José Paulo Fafe

O meu amigo Gigi

GIGI

ONTEM FOI dia de festa. E eu longe, sem poder estar lá… Mas a pena de não estar, misturado com saudade de quem nos convidou e a quem iamos celebrar, com amizade por toda a família e a inevitável nostalgia por todo aquele entorno, acaba inevitavelmente em texto. Que certamente pecará por defeito, até por escrever sobre o  Gigi Reino não é coisa que se resuma a um post de um blogue, requer mestria e saber que permita escrever o romance em que ele será justamente protagonista. Porque o Gigi é daquelas pessoas que, conhecendo-se, é impossível não gostar. E muito. É uma “figura” no sentido mais taurino do termo, pela “aura” que transporta, pela arte, pelo talento em (saber) estar.  Talvez pelo bigode, não sei, sempre me lembrou o Clark Gable – desde o primeiro dia em que o vi, lá para as bandas da Várzea, sei lá já há quantos anos… Mas lembra, não sei se só pelo bigode, se por “trazer” alguma coisa daquele tempo. Grande conversador, extraordinário contador de estórias, o Gigi tem para dar e vender o que falta a tanta e tanta gente: “mundo”. E além de ter esse mesmo mundo, é, ele próprio, “um mundo” – pelo que viveu, por quem conheceu, pelo que viu, pelo que leu, pelo que ouviu, pelo que olhou com aquele seu olhar simultaneamente matreiro e doce e a que não escapa pitada. Não tenho qualquer dúvida que seria facilmente uma personagem do Hemingway, alguém a quem o escritor certamente não resistiria, assim uma espécie de mistura do Santiago do “Velho e o Mar” ou do autobiográfico Jake Barnes do “Fiesta” (“The Sun Also Rises“). No fundo, o Gigi é uma “personagem” – no sentido mais elogioso do termo, longe dos estereótipos destes tempos e ainda mais longe da ideia que muitos formam dele à distância e sem o ter conhecido.

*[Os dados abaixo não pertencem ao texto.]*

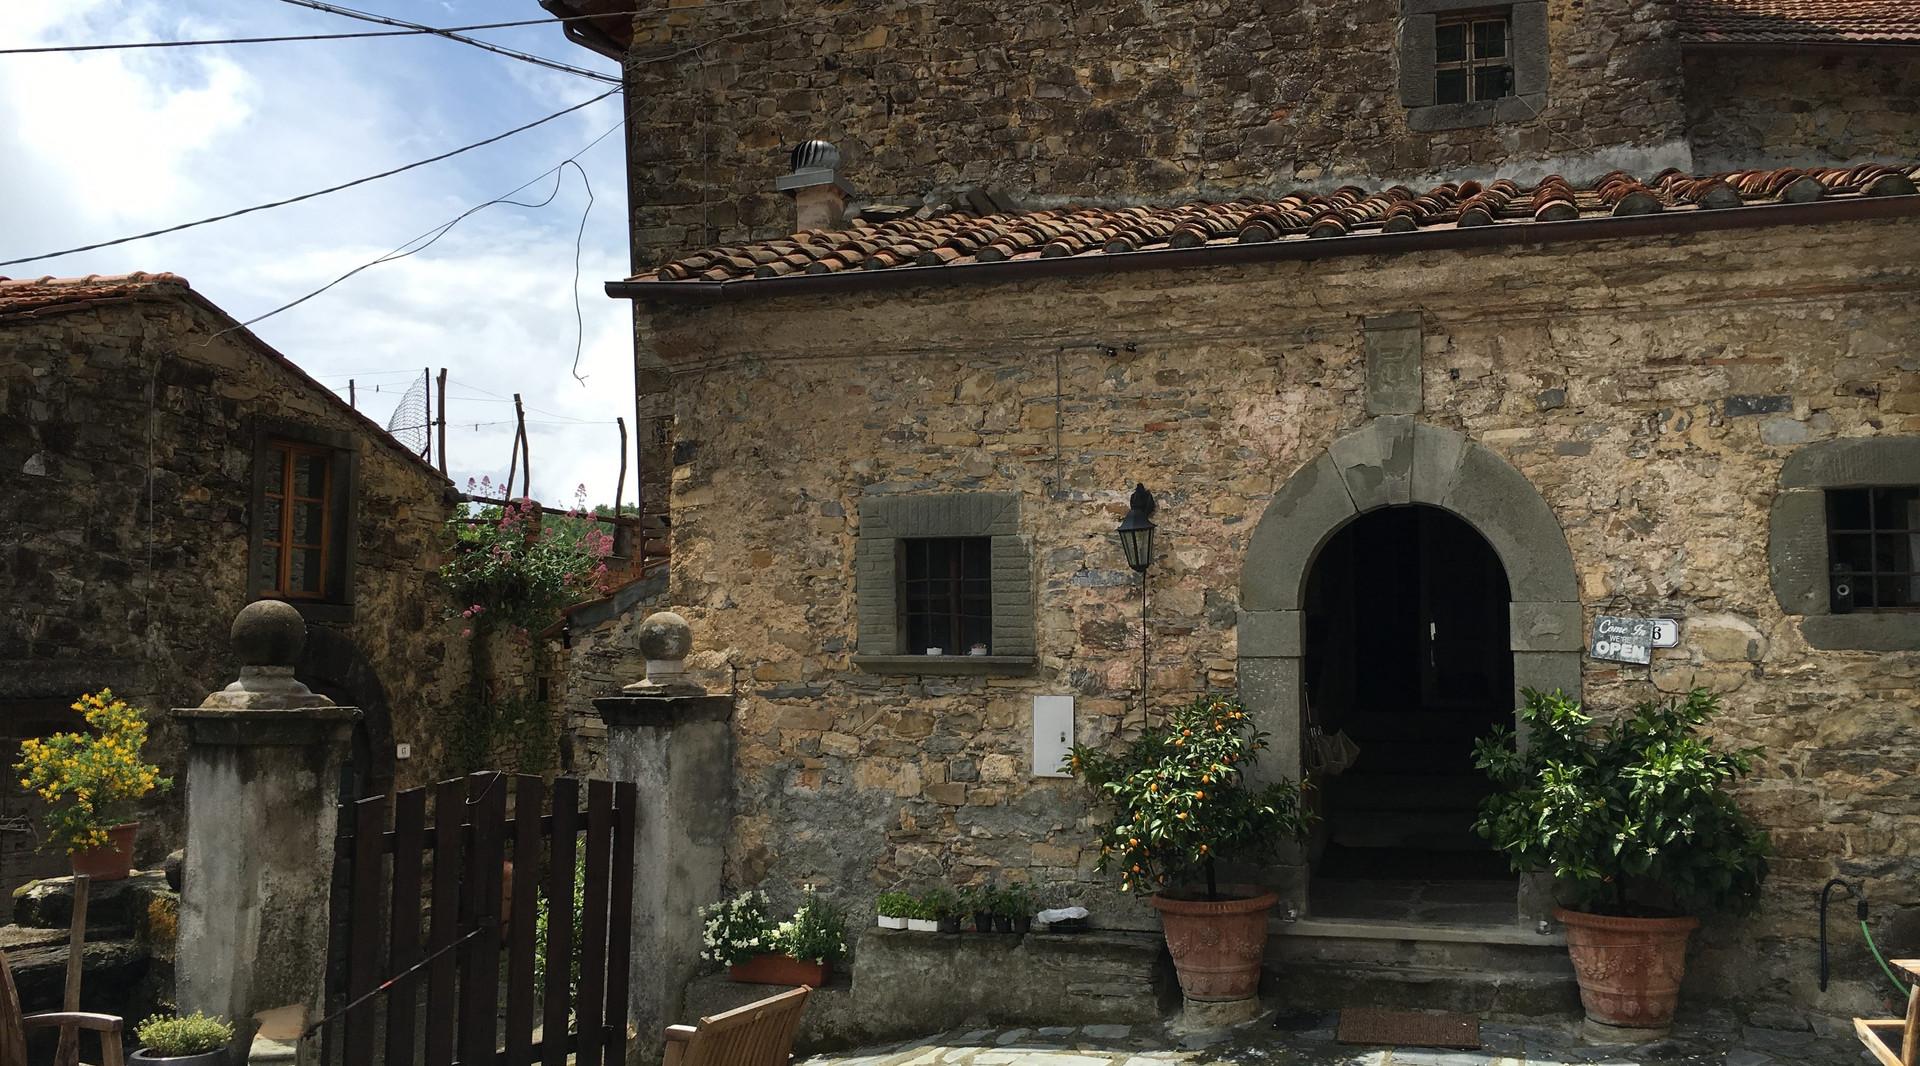 agriturismo b&b Luna di Quarazzana Lunigiana entrance and courtyard

O Gigi é uma pessoa que consegue falar com o mesmo entusiasmo e conhecimento de um vinho que acabou de descobrir, como do último livro ou artigo que leu, seja ele sobre o islamismo, sobre a crise política no Brasil ou sobre o escândalo da Volkswagen; que discute acaloradamente tanto sobre a malfadada cozinha molecular como sobre as conquistas da Revolução Cubana, de que é certamente o maior adepto na Quinta do Lago e em tudo à volta; que tem como amigos e parceiros de mesa tanto, por exemplo, o presidente do Bundesbank como o servente de pedreiro que está a fazer a obra da casa ao lado; e que é  capaz de (d)escrever pormenorizadamente às 5 da manhã a história e origem dos “ovos benedict” ou se abalançar sobre o fogão e criar, ele próprio e com dois ou três ingredientes, um petisco de cair para o lado. Esse é o verdadeiro Gigi, um Gigi que “bombardeia” os amigos com madrugadores “sms’s”, todos escritos com letra maiúscula e que são verdadeiros “tratados”, onde o humor inteligente e uma deliciosa ironia estão sempre presentes no olhar que ele deita à sua volta.

Mas o  Gigi é também um bocadinho Leonor, um bocadinho Maria João, um bocadinho Bernardo, um bocadinho Duarte, e agora também  um bocadinho  Maria, Carmo, Maria João, Isabel e Benjamim. E também, “cheira-me” um bocadinho dos muitos amigos que ele tem por esse mundo fora… Sabem que mais? O Gigi é… o Gigi! E eu, à conta dele,  comecei a fazer uma distinção entre as pessoas – entre os que conhecendo-o gostam dele e os que não gostam. Ou seja, entre inteligentes e burros… Palavra de Fafinni!